Word for word, output the data, with none of its pictures.

◆ **Information supplied**:
((
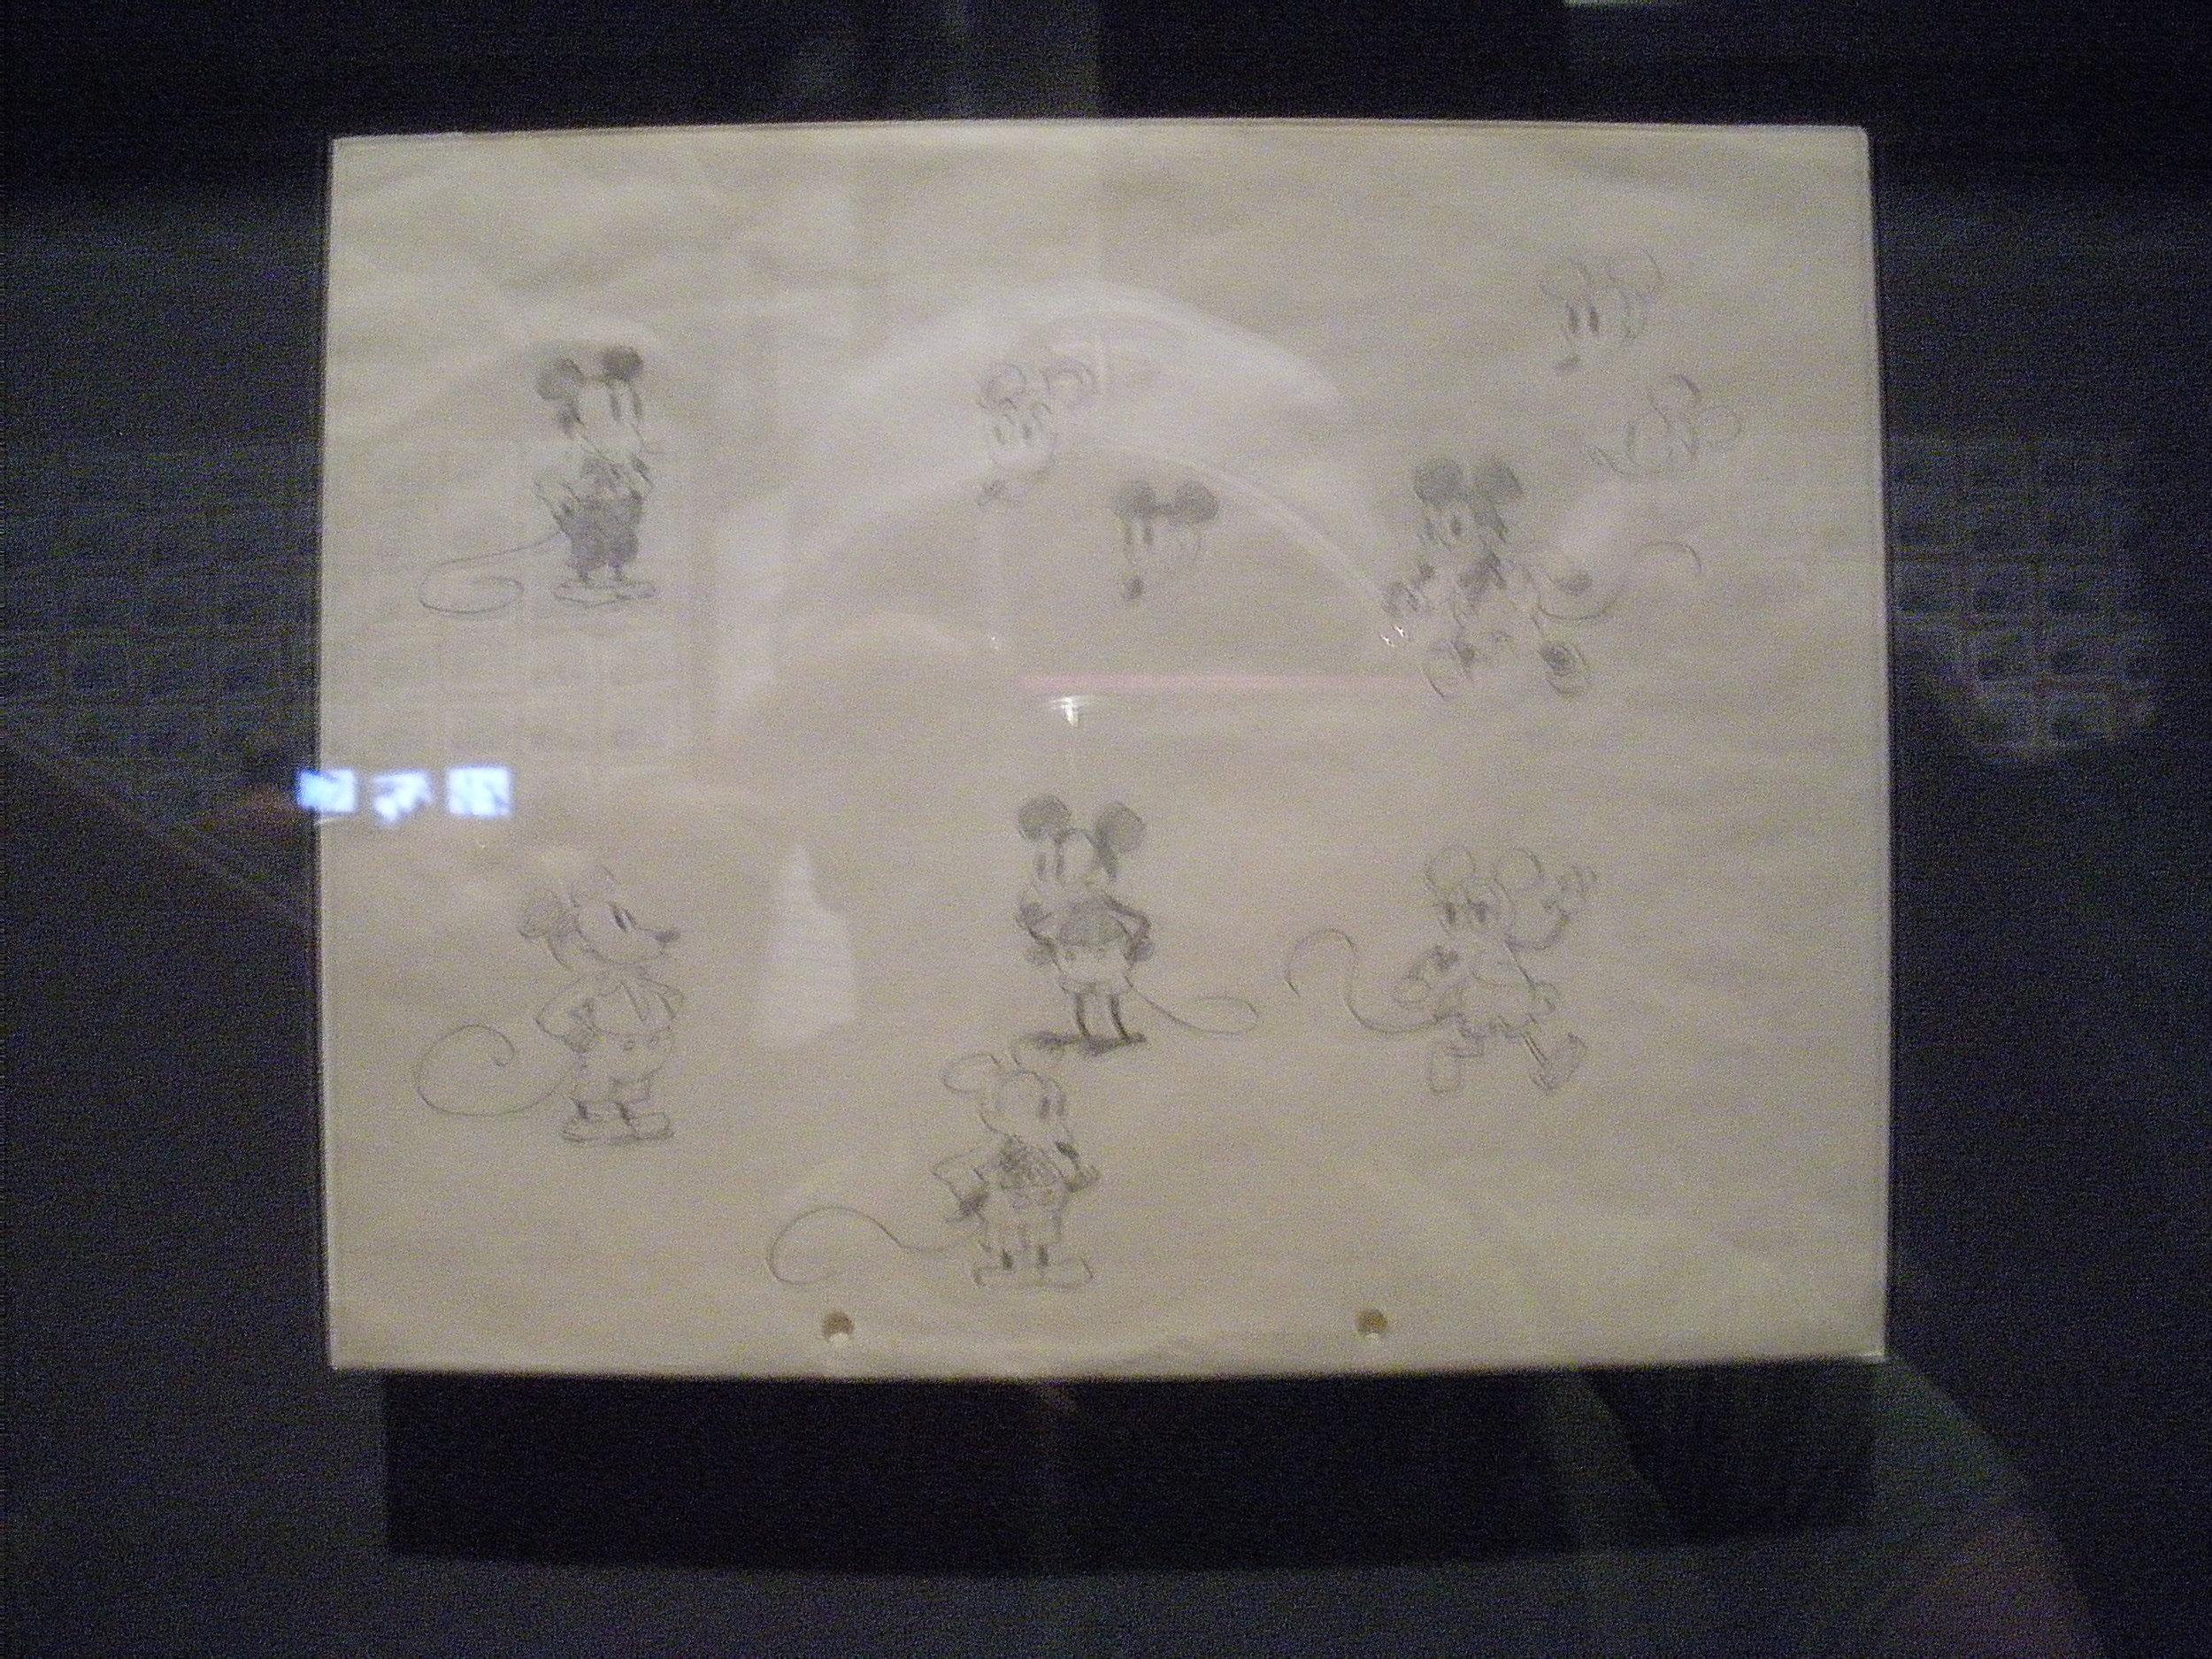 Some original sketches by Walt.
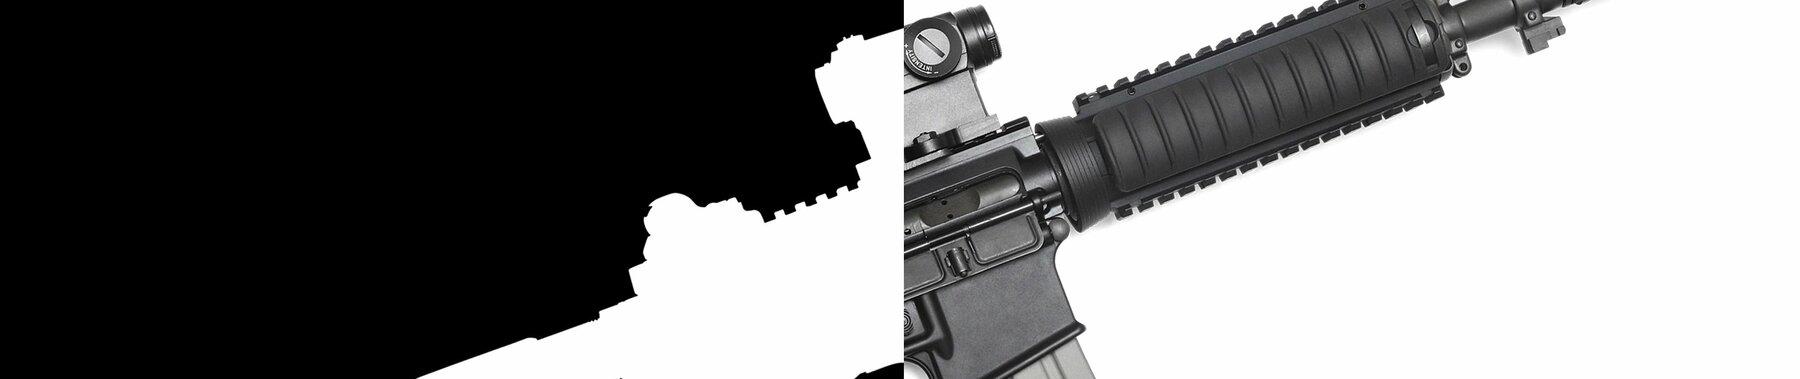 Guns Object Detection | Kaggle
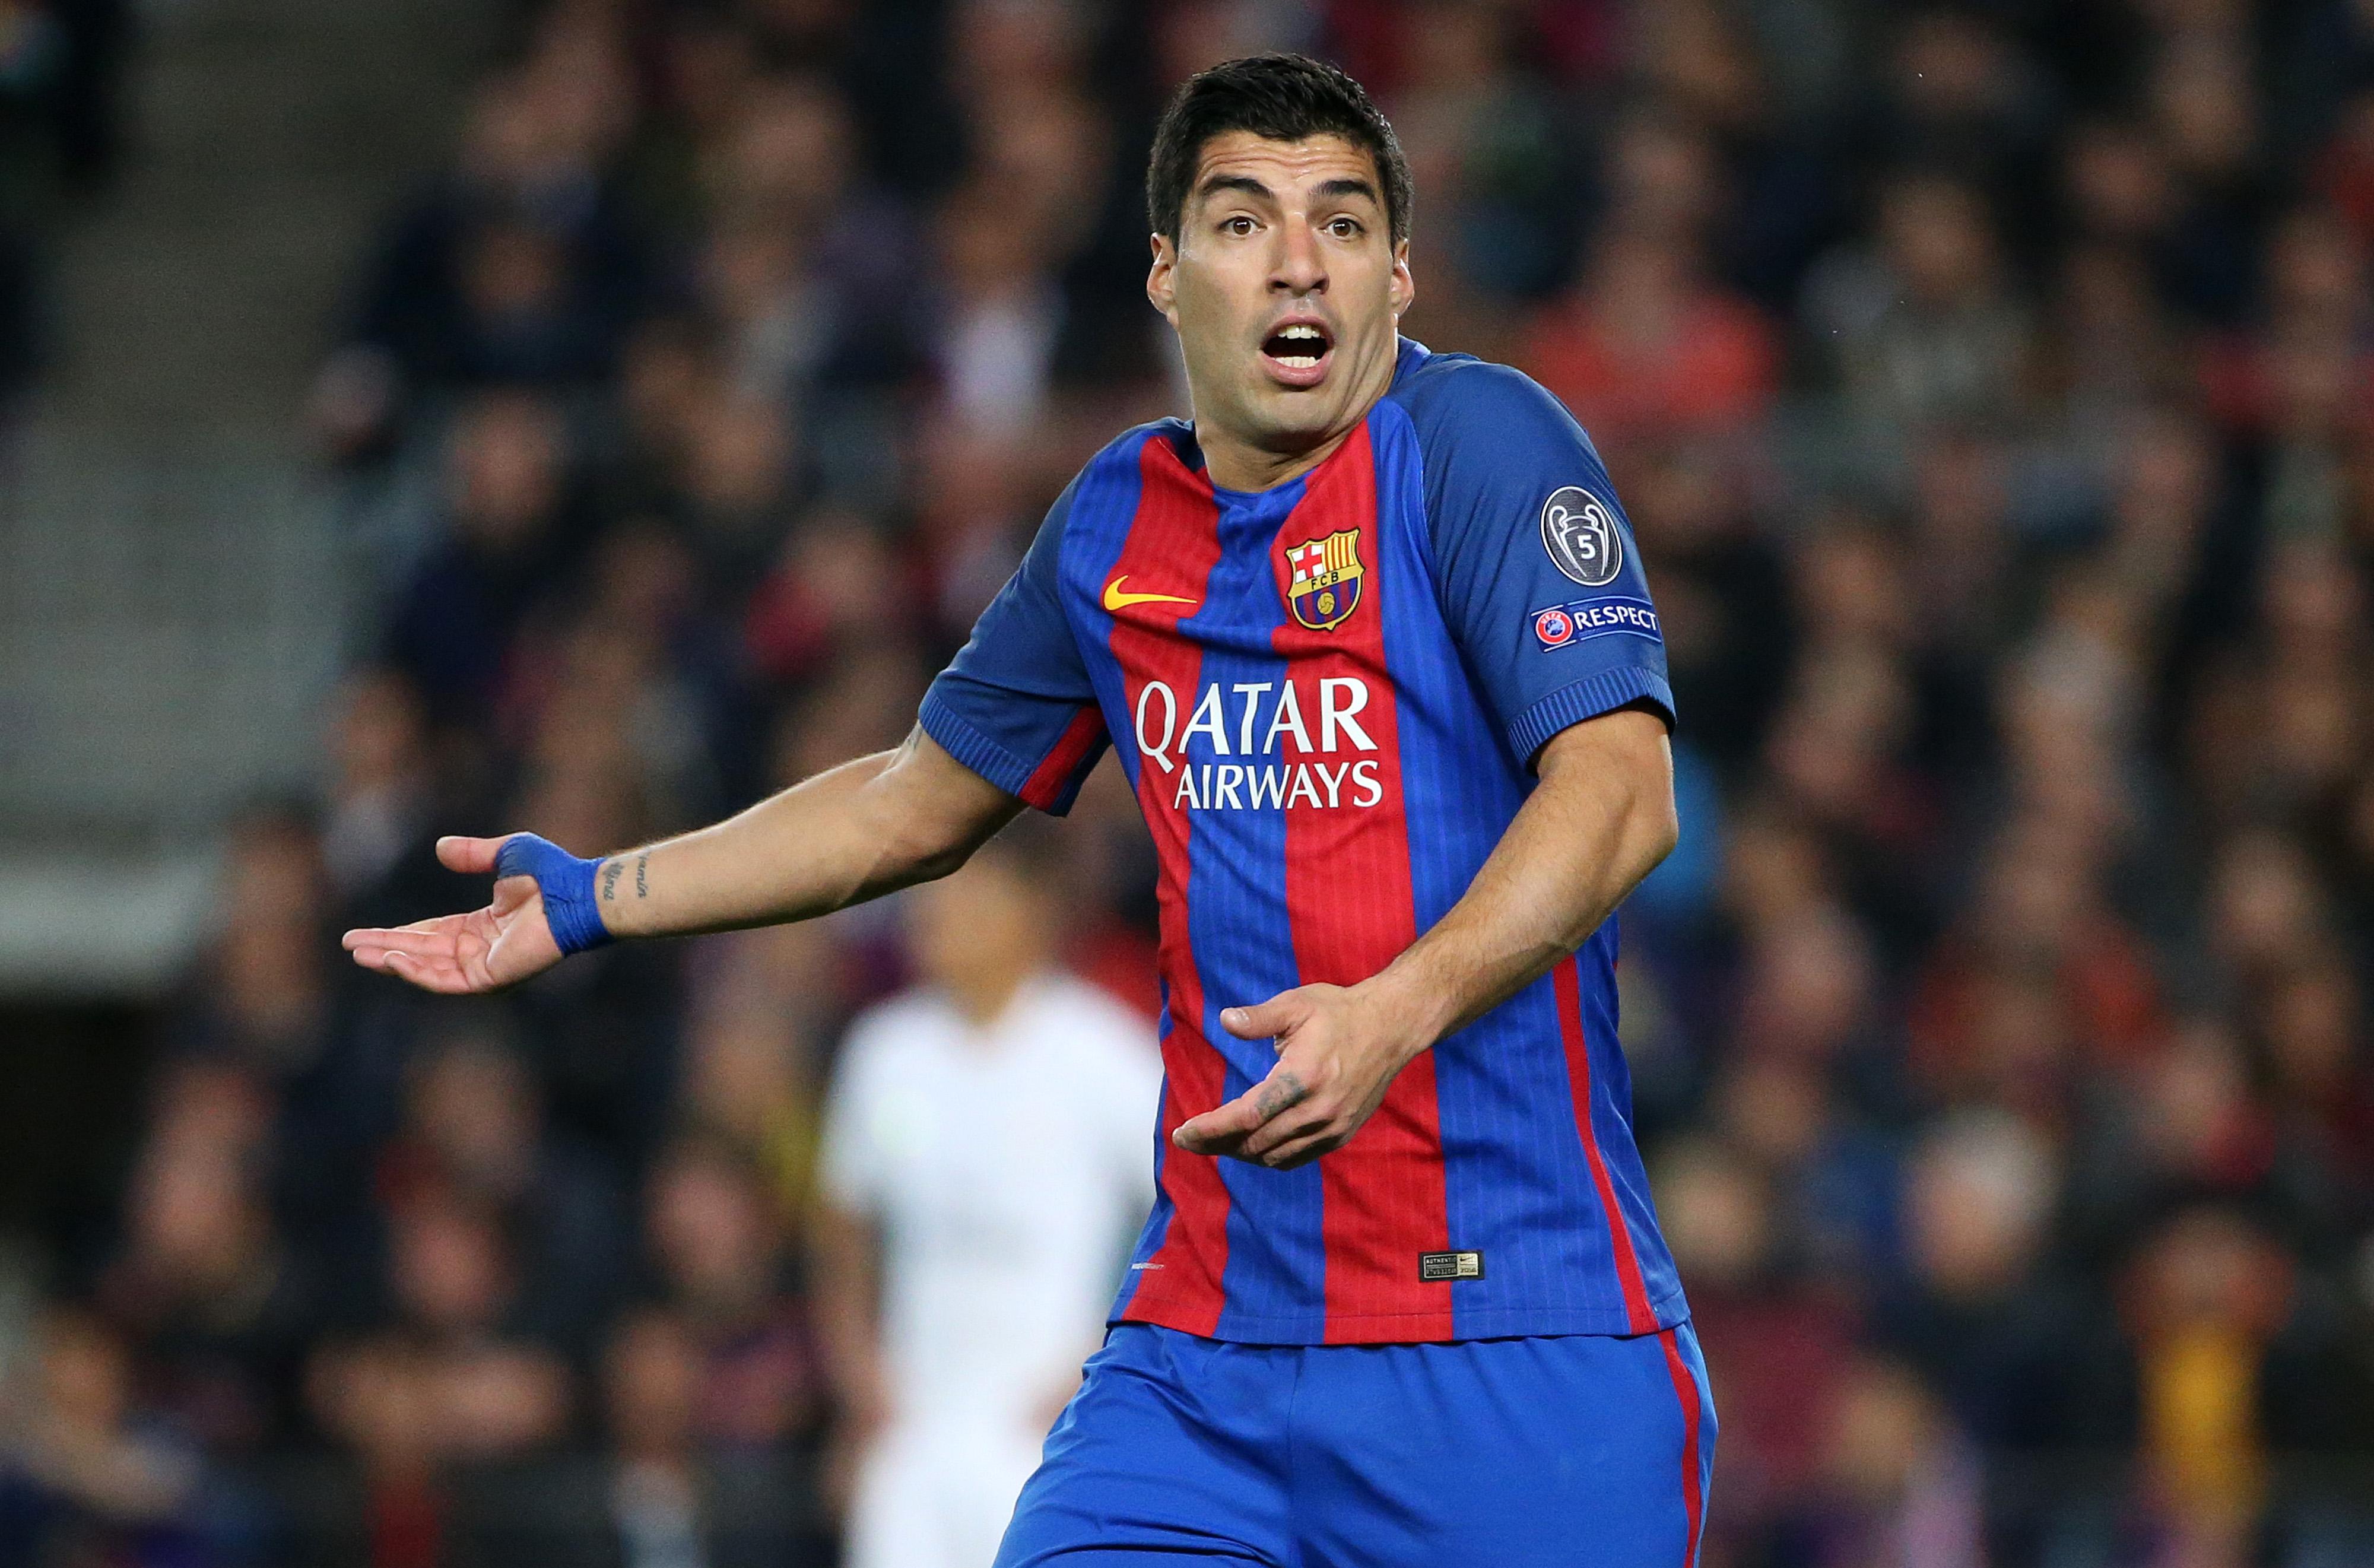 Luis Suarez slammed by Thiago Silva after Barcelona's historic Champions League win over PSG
))
◆ **Solution**:
 Some original sketches by Walt.
 Guns Object Detection | Kaggle
 Luis Suarez slammed by Thiago Silva after Barcelona's historic Champions League win over PSG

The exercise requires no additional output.